_Work instructions_:
Below is a listing with pictures in it; transcribe exactly the lines from the one that has "FDInspiration 71'' Kids" through the one that has "4 That'll Do", and omit those pictures.

_Data records_:
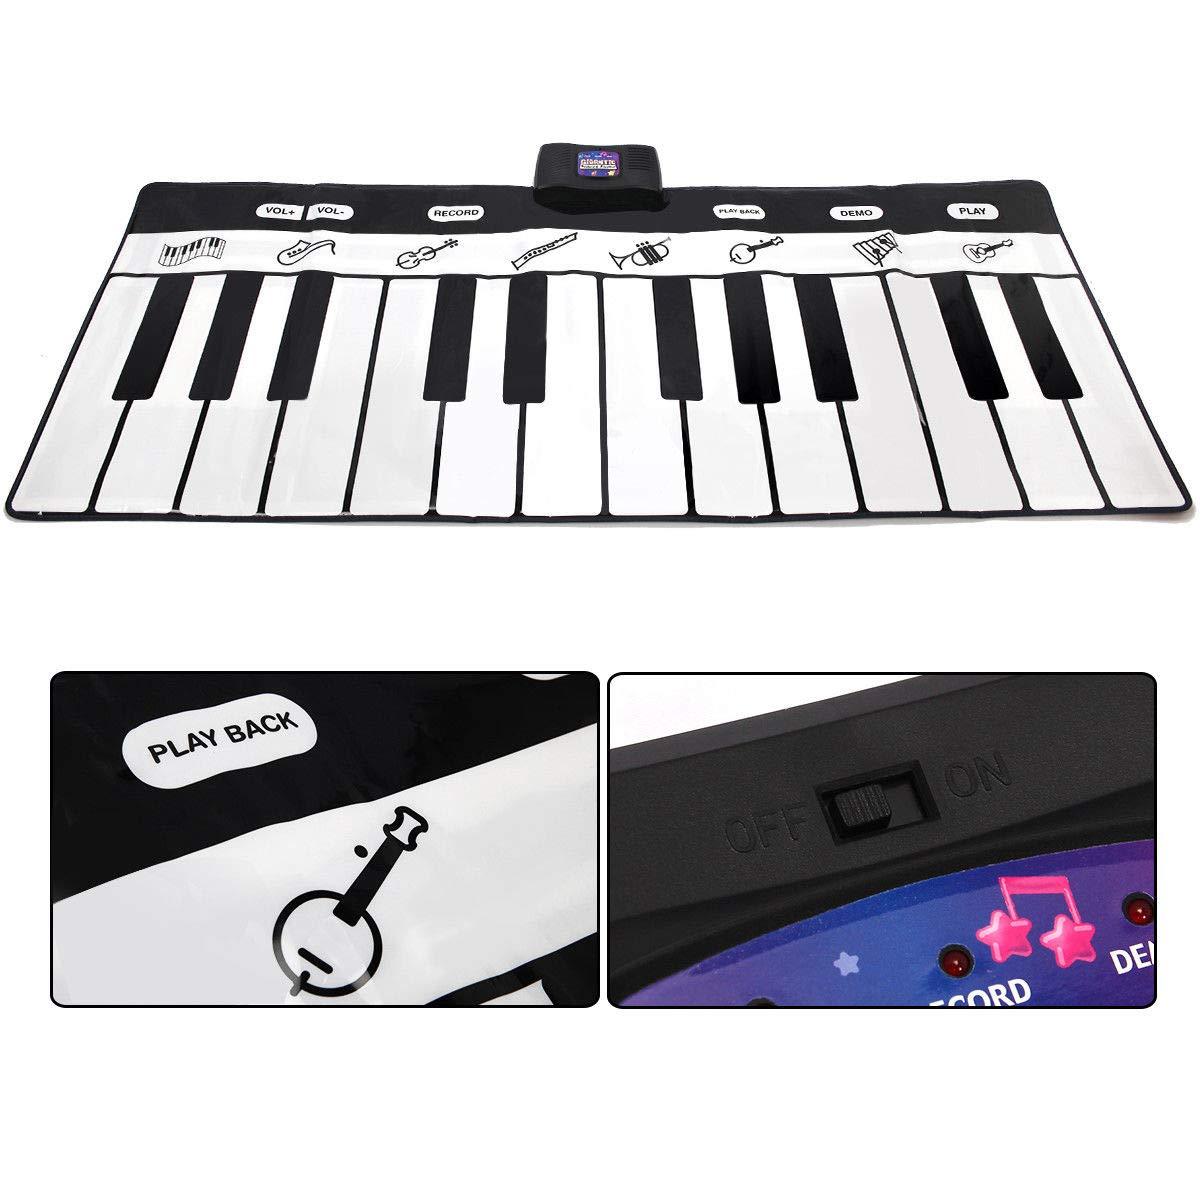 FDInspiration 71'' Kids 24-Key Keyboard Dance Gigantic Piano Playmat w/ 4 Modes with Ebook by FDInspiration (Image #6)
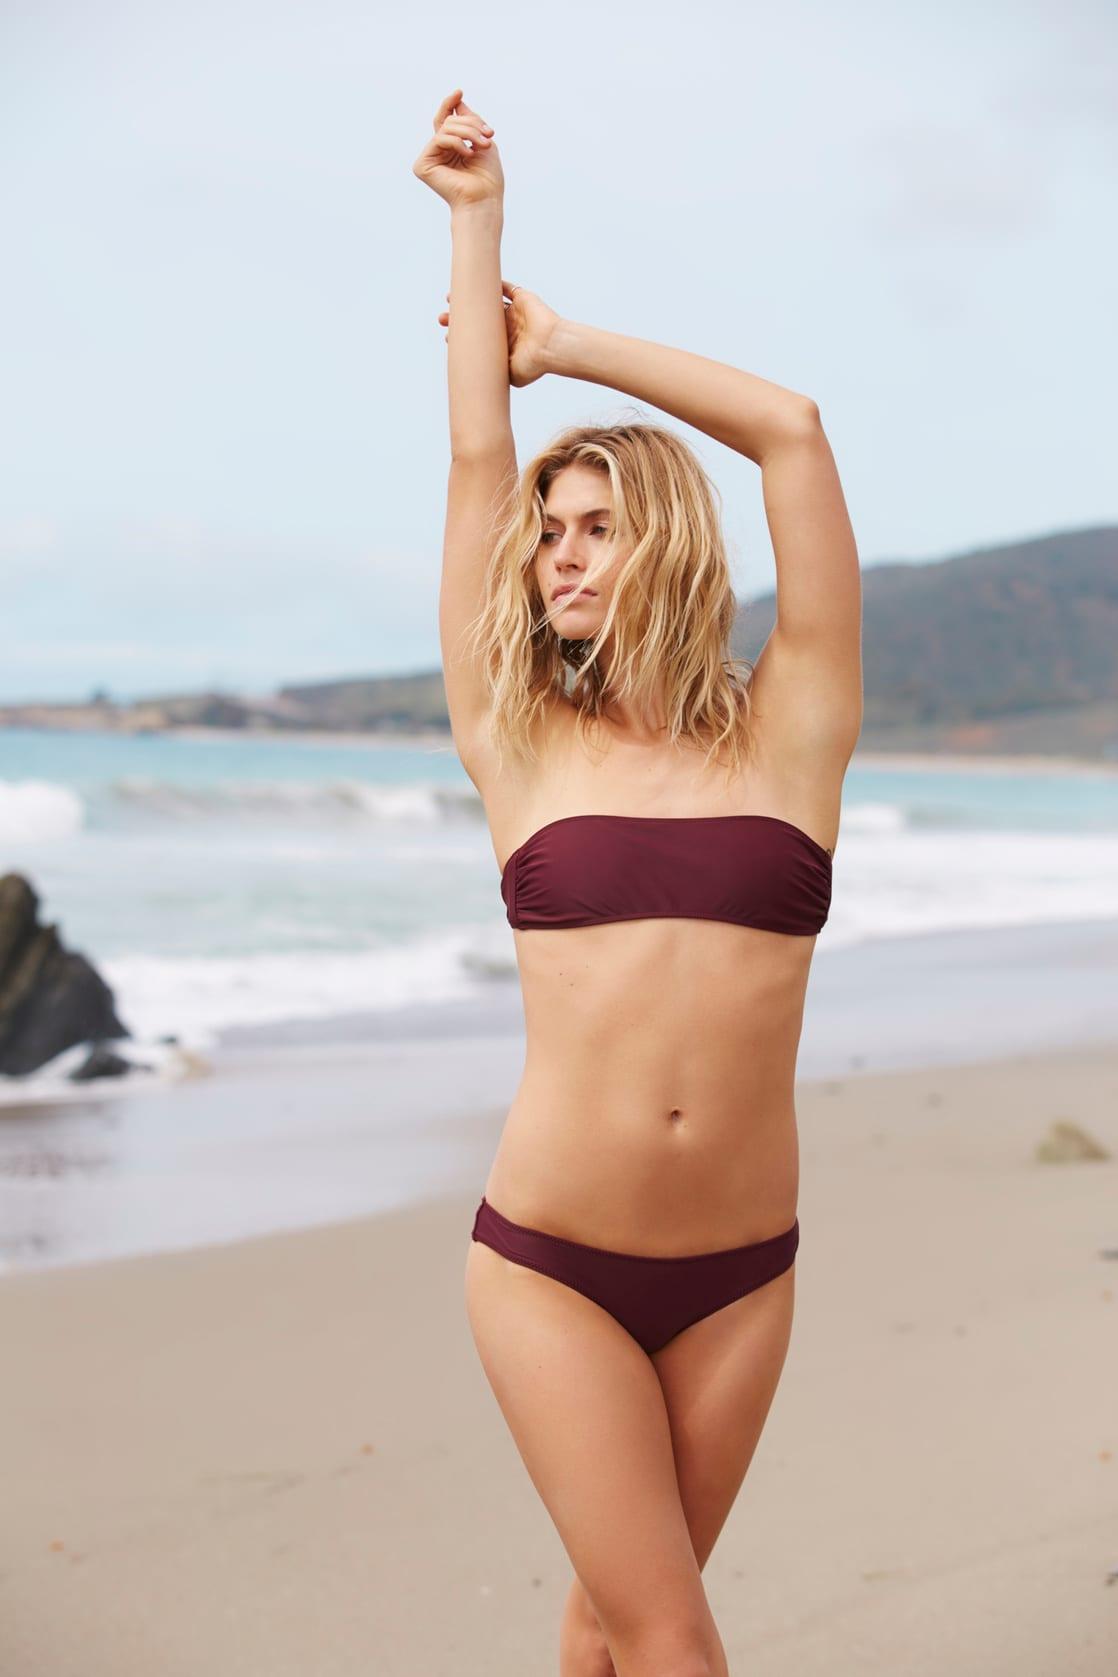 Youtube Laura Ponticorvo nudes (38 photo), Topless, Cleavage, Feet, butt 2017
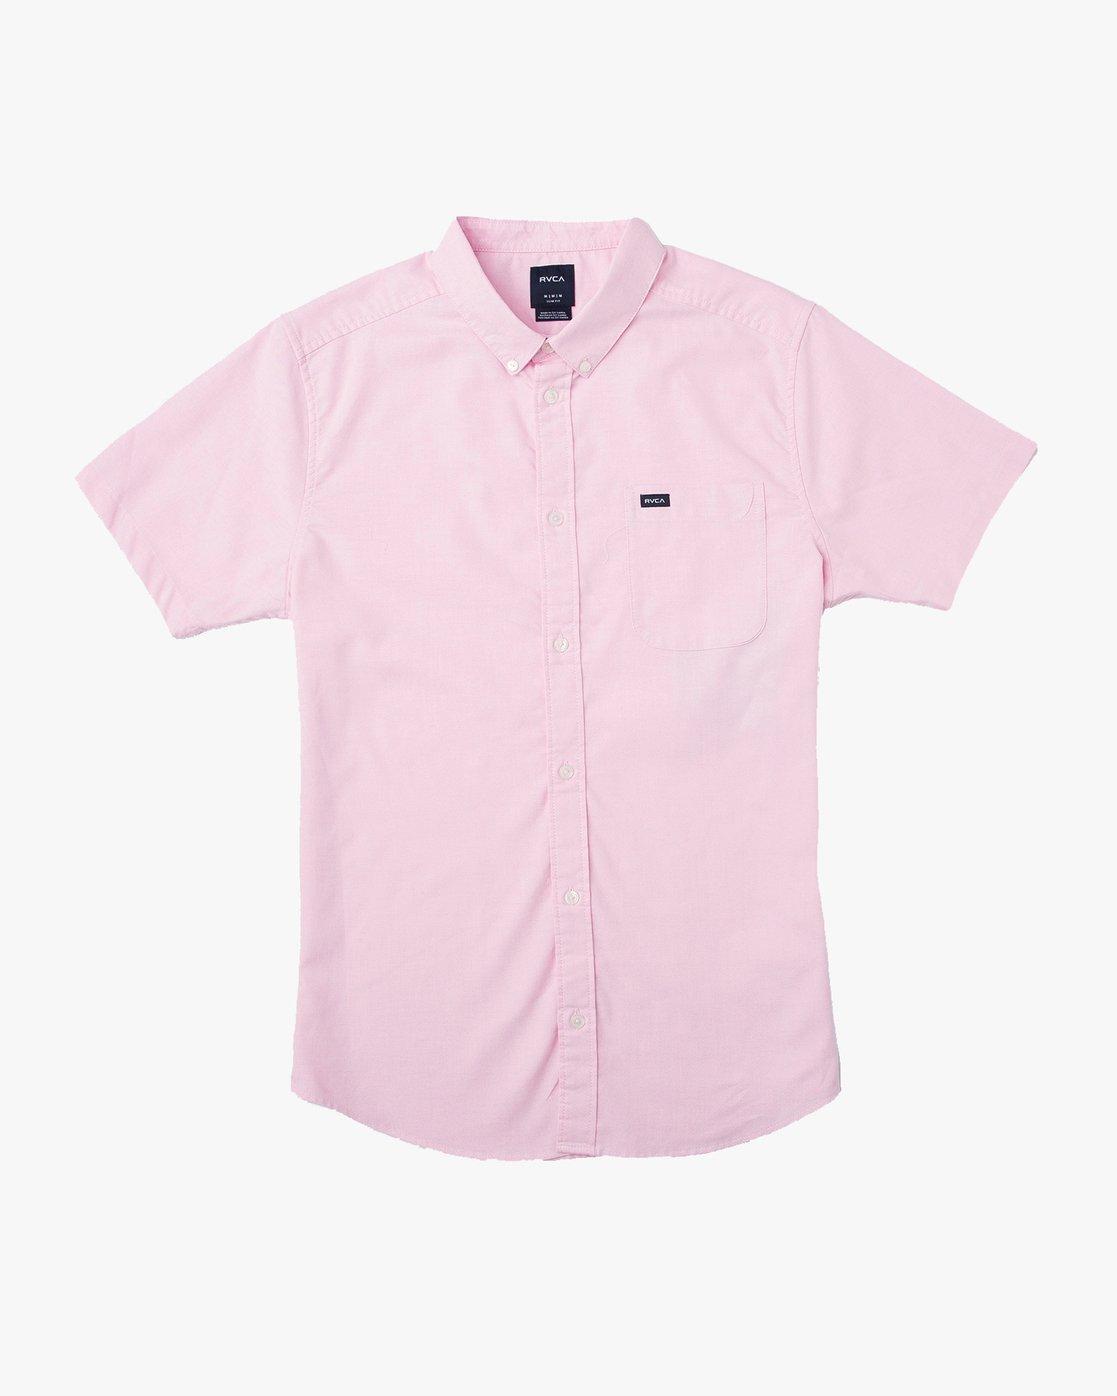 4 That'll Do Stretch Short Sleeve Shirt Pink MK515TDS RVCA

* * *

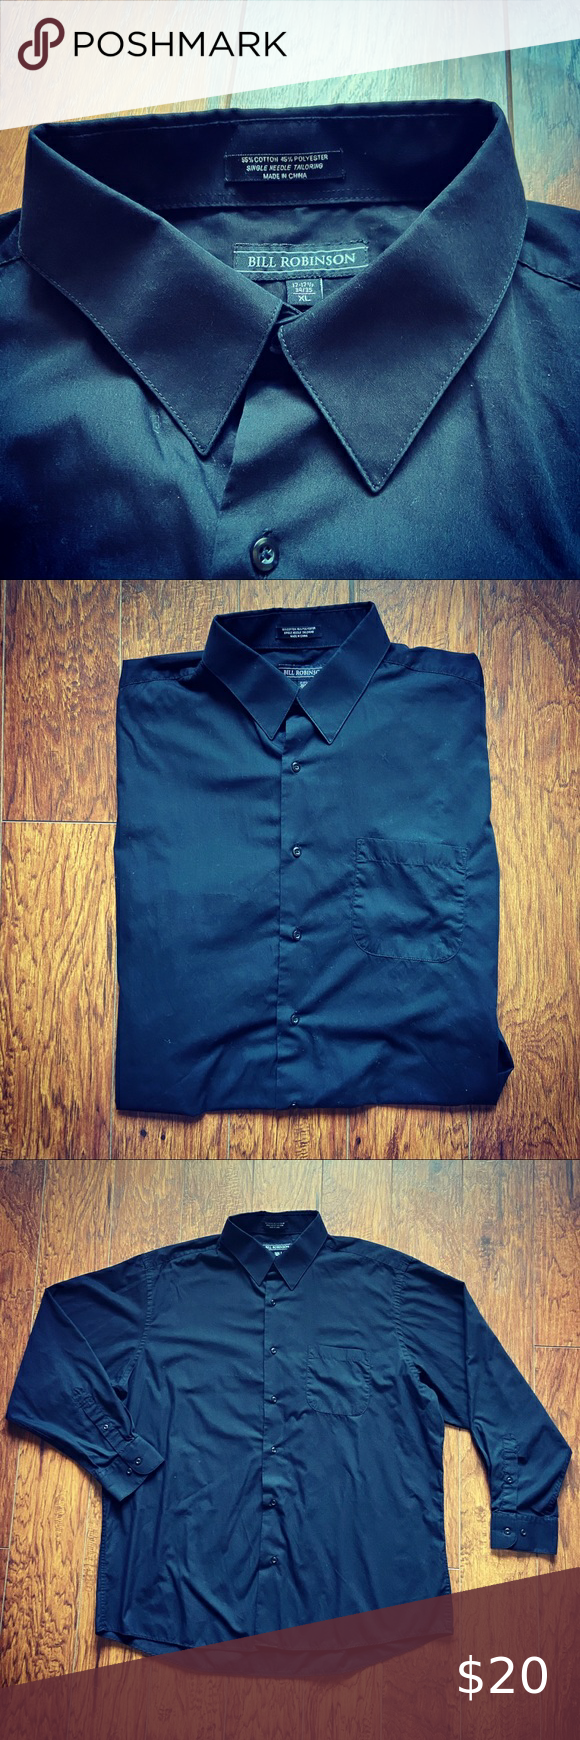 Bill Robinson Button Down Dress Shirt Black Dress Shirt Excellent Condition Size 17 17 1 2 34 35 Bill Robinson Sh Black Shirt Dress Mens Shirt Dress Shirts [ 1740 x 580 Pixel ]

_Finished task_:
 FDInspiration 71'' Kids 24-Key Keyboard Dance Gigantic Piano Playmat w/ 4 Modes with Ebook by FDInspiration (Image #6)
 Youtube Laura Ponticorvo nudes (38 photo), Topless, Cleavage, Feet, butt 2017
 4 That'll Do Stretch Short Sleeve Shirt Pink MK515TDS RVCA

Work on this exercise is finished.